Ratatouille Chicken Medley Bake (Printable Version)

Tender chicken baked with zucchini, eggplant, bell pepper, and tomatoes topped with mozzarella and fresh basil.

# Everything You’ll Need:

→ Protein

01 - 4 boneless, skinless chicken breasts

→ Vegetables

02 - 1 medium onion, chopped
03 - 2 cloves garlic, minced
04 - 1 medium zucchini, sliced
05 - 1 medium eggplant, diced
06 - 1 bell pepper, chopped
07 - 2 cups diced tomatoes (canned or fresh)

→ Seasonings

08 - 1 teaspoon dried thyme
09 - 1 teaspoon dried oregano
10 - Salt and black pepper to taste

→ Dairy

11 - 1 cup shredded mozzarella cheese

→ Garnish

12 - Fresh basil leaves

→ Oils

13 - 2 tablespoons olive oil

# Steps to Cook:

01 - Heat the oven to 375°F (190°C).
02 - Warm olive oil in a large skillet over medium heat. Add chopped onion and minced garlic; sauté for 2 to 3 minutes until onions become translucent.
03 - Add sliced zucchini, diced eggplant, and chopped bell pepper to the skillet.
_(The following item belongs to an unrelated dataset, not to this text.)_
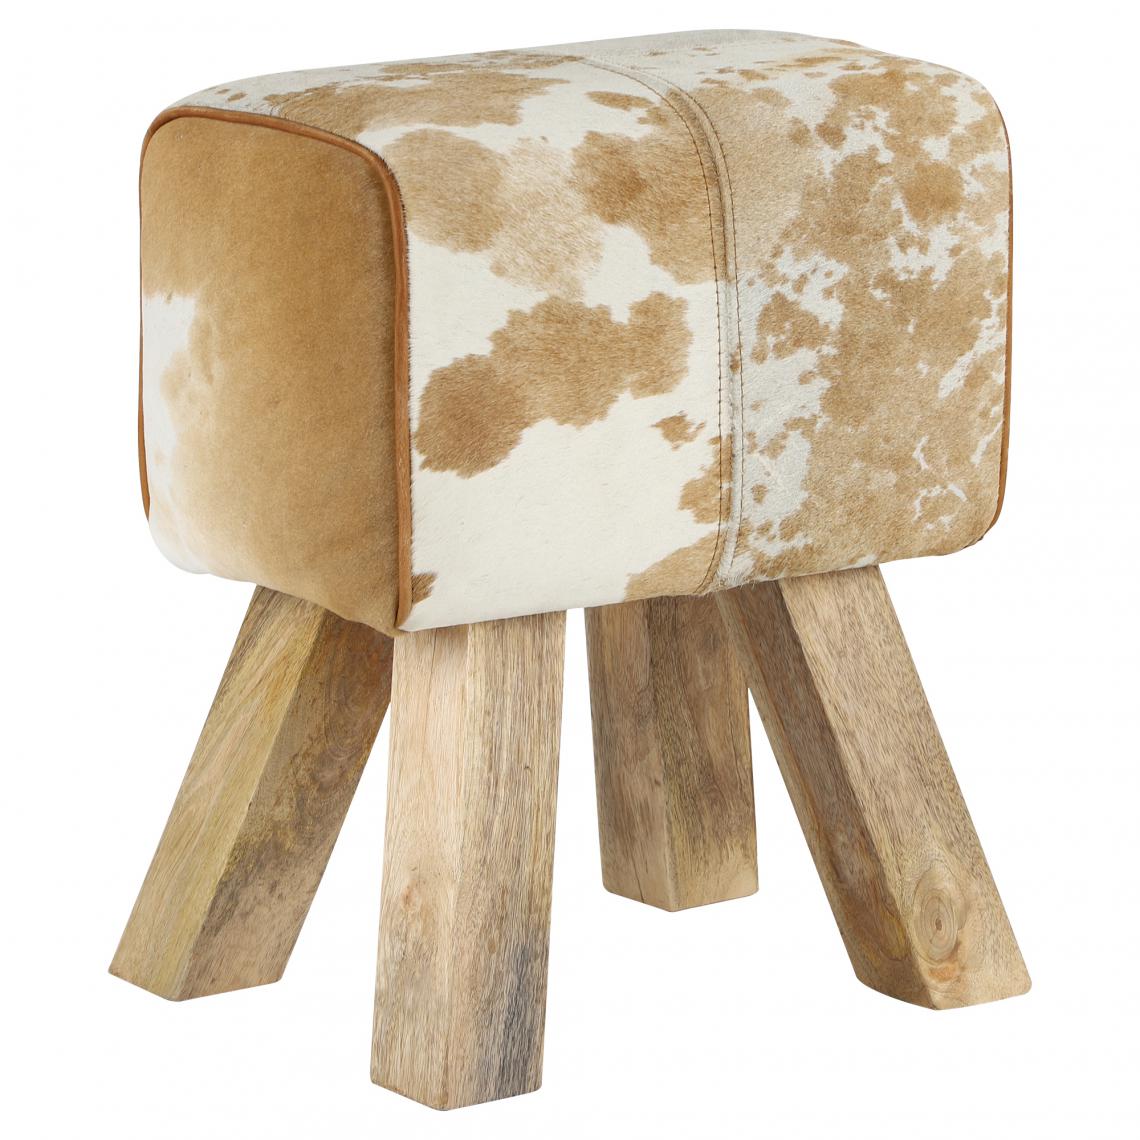 Womo-design - Tabouret 36x47x30 cm cuir de chèvre brun/blanc et bois de manguier WOMO-Design - Tabourets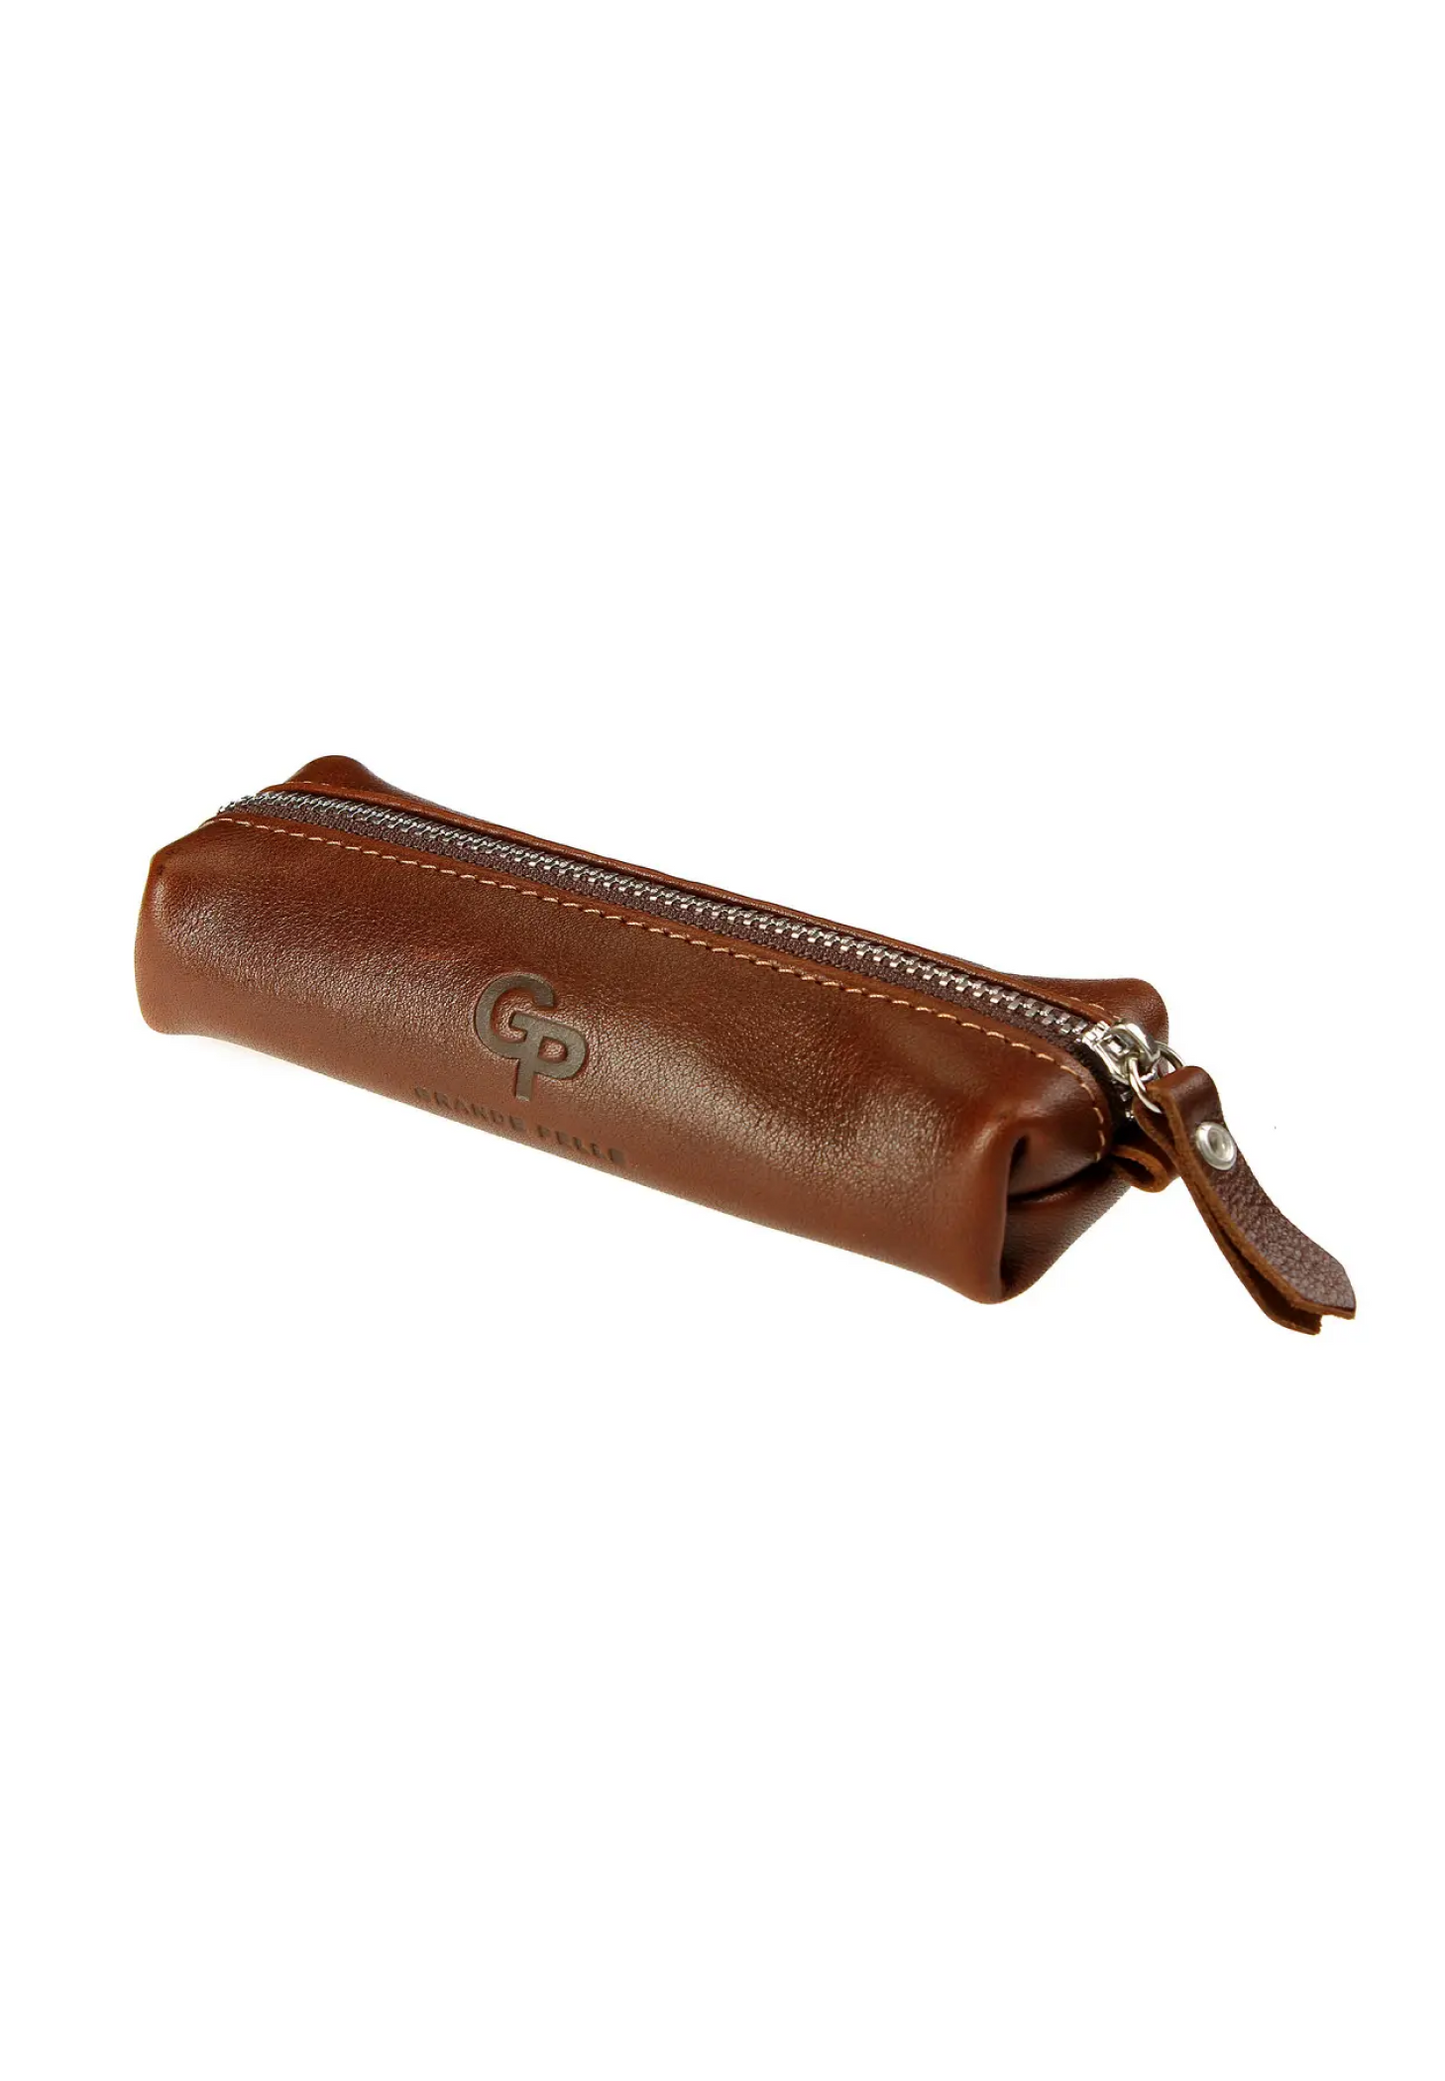 leather key holder case

Cook, stirring occasionally, for 5 to 7 minutes until vegetables soften.
04 - Season the vegetables with dried thyme, oregano, salt, and black pepper. Stir in diced tomatoes and simmer the mixture for 5 minutes.
05 - Place chicken breasts evenly in a large baking dish. Pour the vegetable and tomato mixture over the chicken, distributing it uniformly.
06 - Cover the dish with aluminum foil and bake for 25 minutes.
07 - Remove the foil, sprinkle shredded mozzarella cheese evenly on top, then bake uncovered for an additional 10 to 15 minutes until the chicken reaches an internal temperature of 165°F (75°C) and the cheese is bubbling and golden.
08 - Top with fresh basil leaves before serving.

# Extra Suggestions:

01 - Use a meat thermometer to ensure the chicken is cooked to a safe internal temperature of 165°F (75°C).
02 - Vegetables can be substituted according to seasonal availability or preference.
03 - This dish can be prepared in advance and refrigerated before baking to save time.